Re:致5年後的你

    引水人意外又不意外的落選了。面試這東西真的很有趣,對現在的我來說跟化緣沒兩樣。信誓旦旦的落榜與出乎意料地中選,都可以一起發生。要是沒有大大吉的話,現在應該已經存在焦慮到了極致。只能說人生真的不能事事順意,而多上幾重保險永遠是對的。

    但依舊會不禁懷疑自己的價值。

-

    受益於工作可以聽音樂,本周我在聽可以很長。總之本周我在聽是ぼくはそれで委員会!,以及我一直以為已經有收錄的ハゼ馳せる果てるまで

-

    總之這周是關於老師寄來的,5年前自己的信。

    原本的主題應該是期望吧,但因為當時正在懷疑著自己所期待的未來所實現的樣子,所以寫的不是祈願,而是某種時光膠囊。

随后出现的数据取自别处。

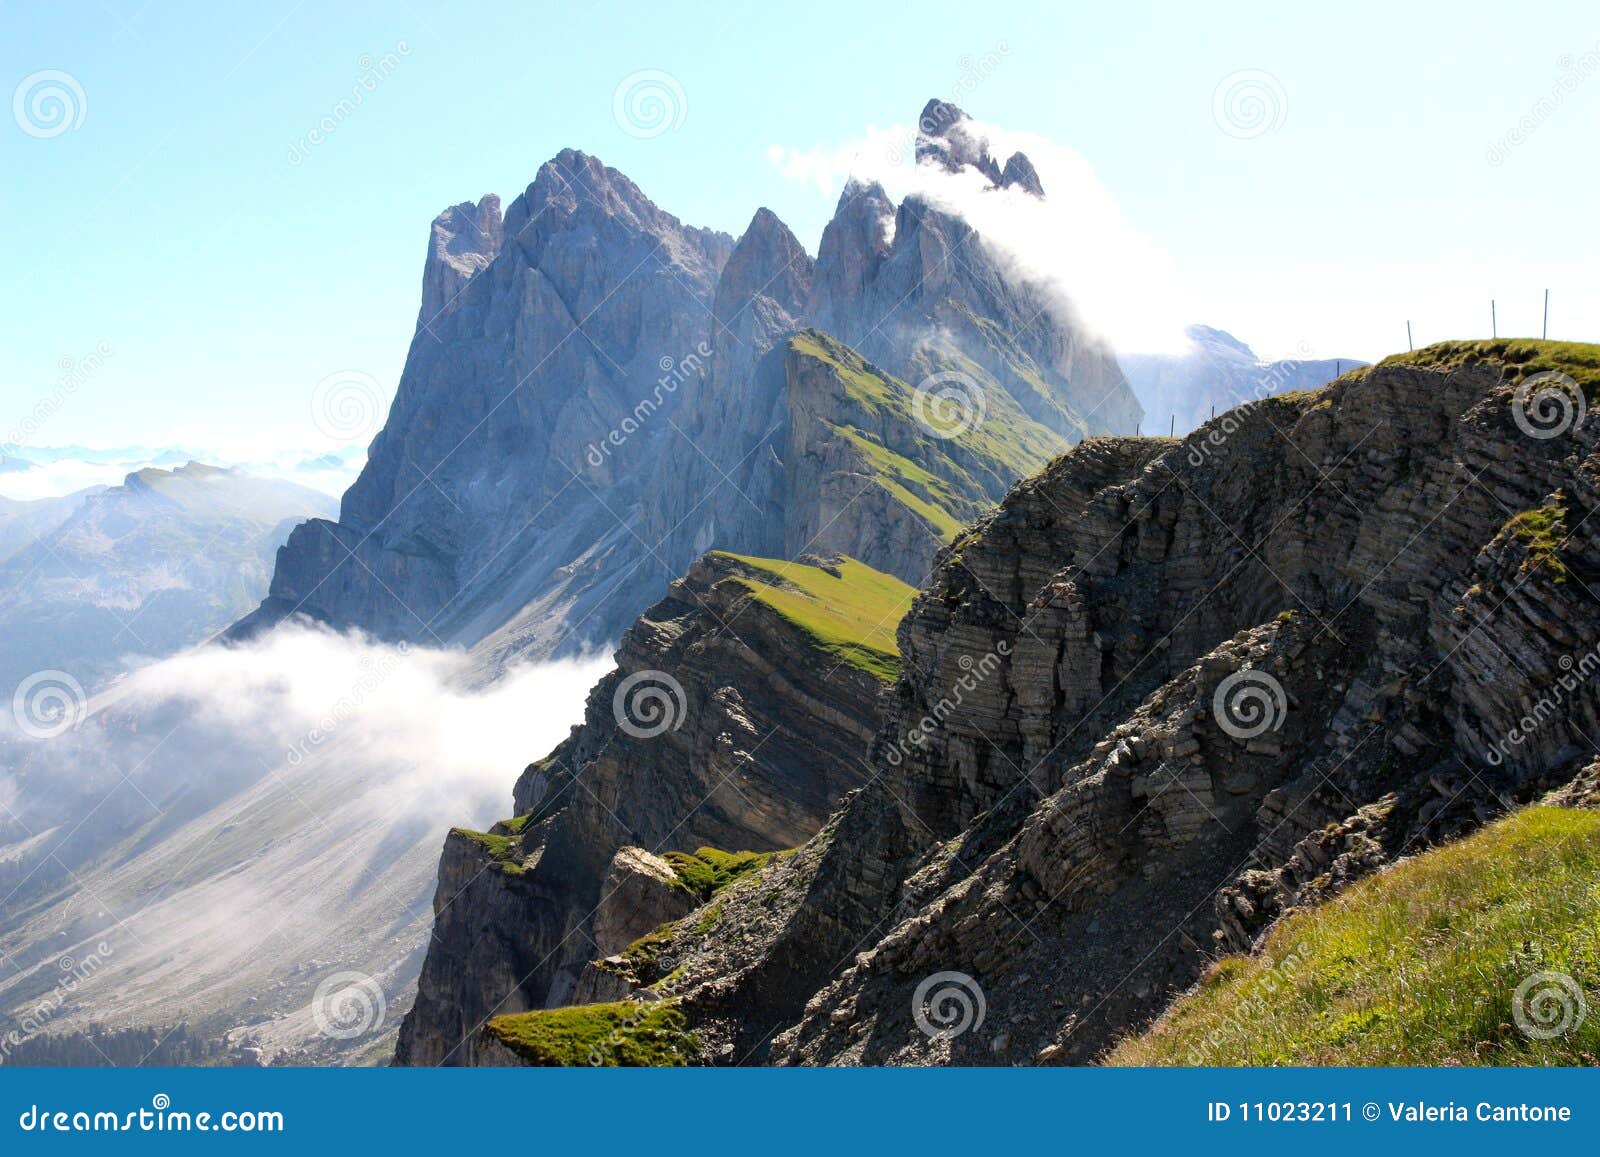 the odle mountains, dolomites in italy

之前一直說很懷念那時候的筆法,但現在看有些用力過猛的地方,還是有些中二病的痕跡,只能說也是青春吧。

    進正文。

-

    早安。

    口口聲聲說不要期許,害怕這成為自己的枷鎖,結果4年後的自己還是以一個盛大的方式安上了祈願,做為某種制約與誓約。而至今為止的道路,倒是與原本所設想的相去不遠。

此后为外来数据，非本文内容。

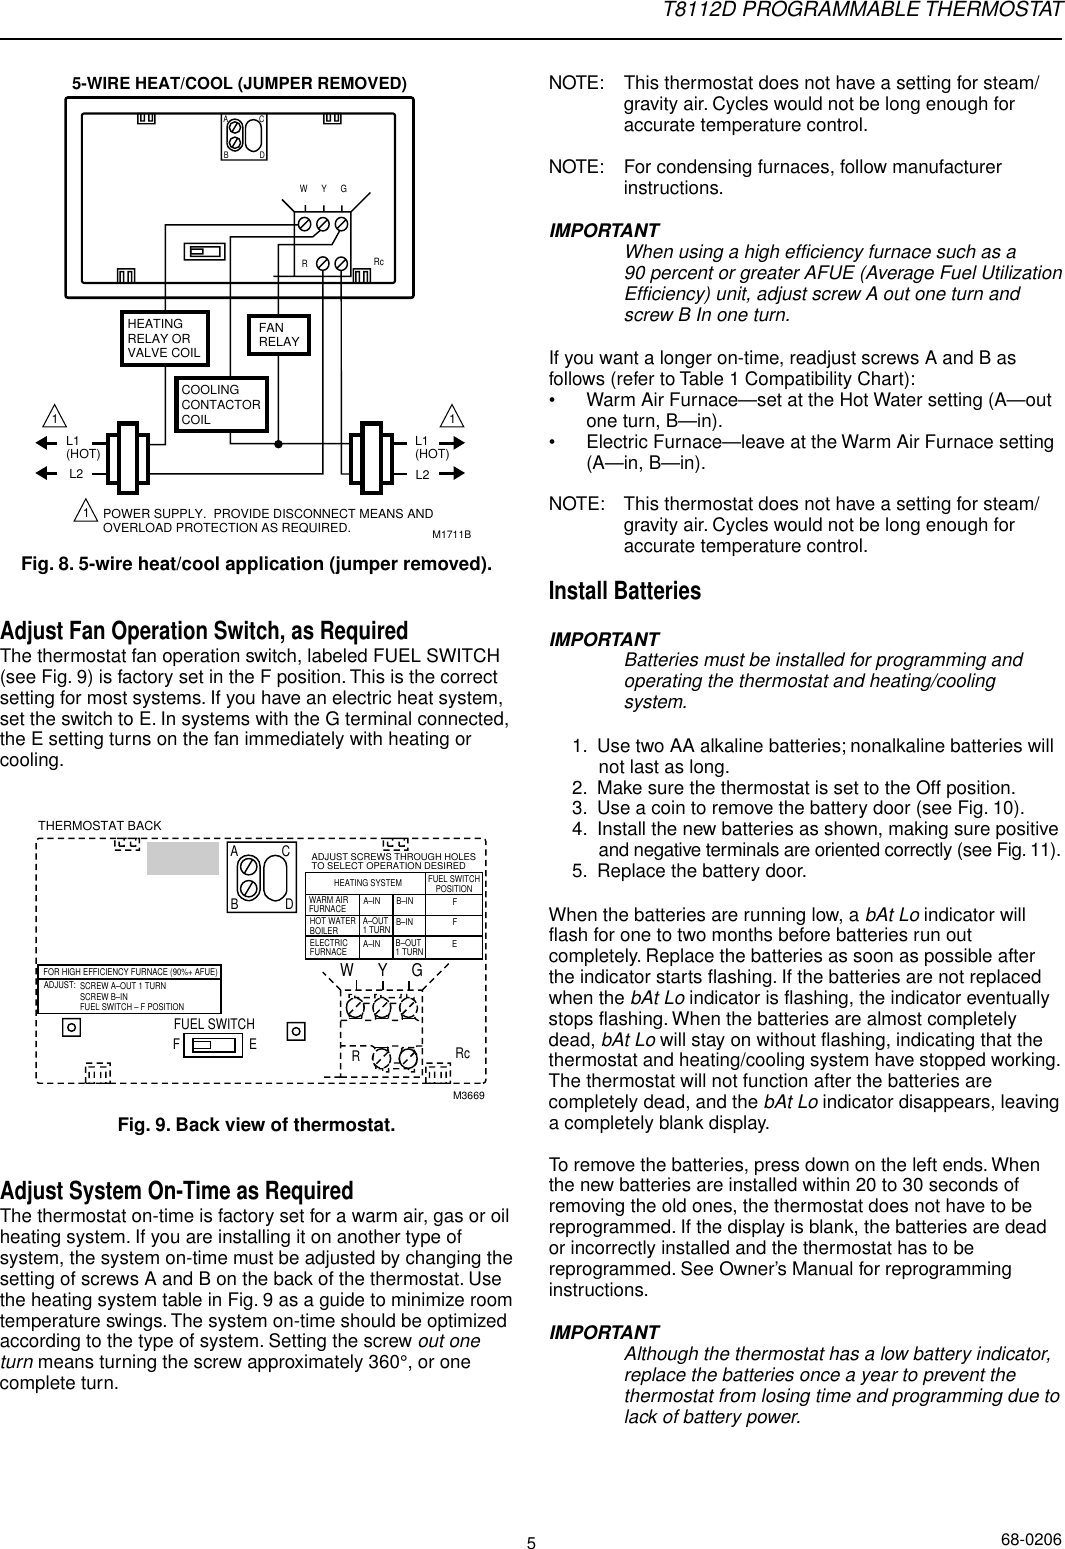 Page 5 of 8 - Honeywell Honeywell-T8112D-Owners-Manual- 68-0170 - T8112 Programmable Thermostat  Honeywell-t8112d-owners-manual

    雄中與台大,都是某種光環,以我們這個時代的說法,叫做霹靂力矩。感到成就甚至優越,是當然的,畢竟從你看來,那是付出之後得到的東西;而試圖壓抑這種感受,也是相同的,因為這是旁人乃至自己所要求的,一個成功的謙虛模板。要說是否是相同的歷程,可以說是的,但也更加短縮,溶入了生活。或許是某種程度的習慣了,漸漸地把自己認定程會走在前面的人,脫離了冒牌者,卻成了完美主義的感冒。現在的你把門檻放得很高,在一個你用盡全力可以做得到,但也不是每次都做得到的高度。
    對知識的某種幻想,已經逐漸磨合的接近現實。大學有如同期待的地方,像是選擇的自由,躺在草地的午後,以及「選擇自己想攫獲的知識」。但那樣的選擇,也不完全的自由。在空曠的曠野,自己依舊會尋求過去的野徑,試圖複製以往的經驗;而有些選擇,就算沒人逼你,還是會喊著某種「不得不」,可能是為了某個更遠大的目標,也可能是某種病態的優越感,而繼續做下去。
    高中二年級,確實文學作品、社會通念,乃至當時的你所認為,最接近青春的時刻。不過你想問的應該是沒有認真的投入社團,以及抽離任何社交活動這件事吧。當時的你確信如此,而現在的我,其實也沒有什麼改變。大學debut,更準確來說應該是被丟到了一個新環境,有在
人際的海裡面掙扎,浮上最高處應該是營隊,然後就此決定躲回自己的深海洞穴。要說後悔嗎?至少我嘗試過了。乾冰終究不是自己喜歡的空氣。
    最後是關於分科呢。當時的煩惱如此巨大,而要說沒有任何影響,倒也無法如此輕輕放下。畢竟大概是當時決定重新把抹布吞下去,成為了完美主義的一部份。不過對於分科與失敗的關聯性,剛入學時頗為纖細,但大概過了幾年已經沒人在乎了。結果主義的說,並沒有後悔,但也大概正因為是結果主義,所以才不能後悔,也就此提心吊膽。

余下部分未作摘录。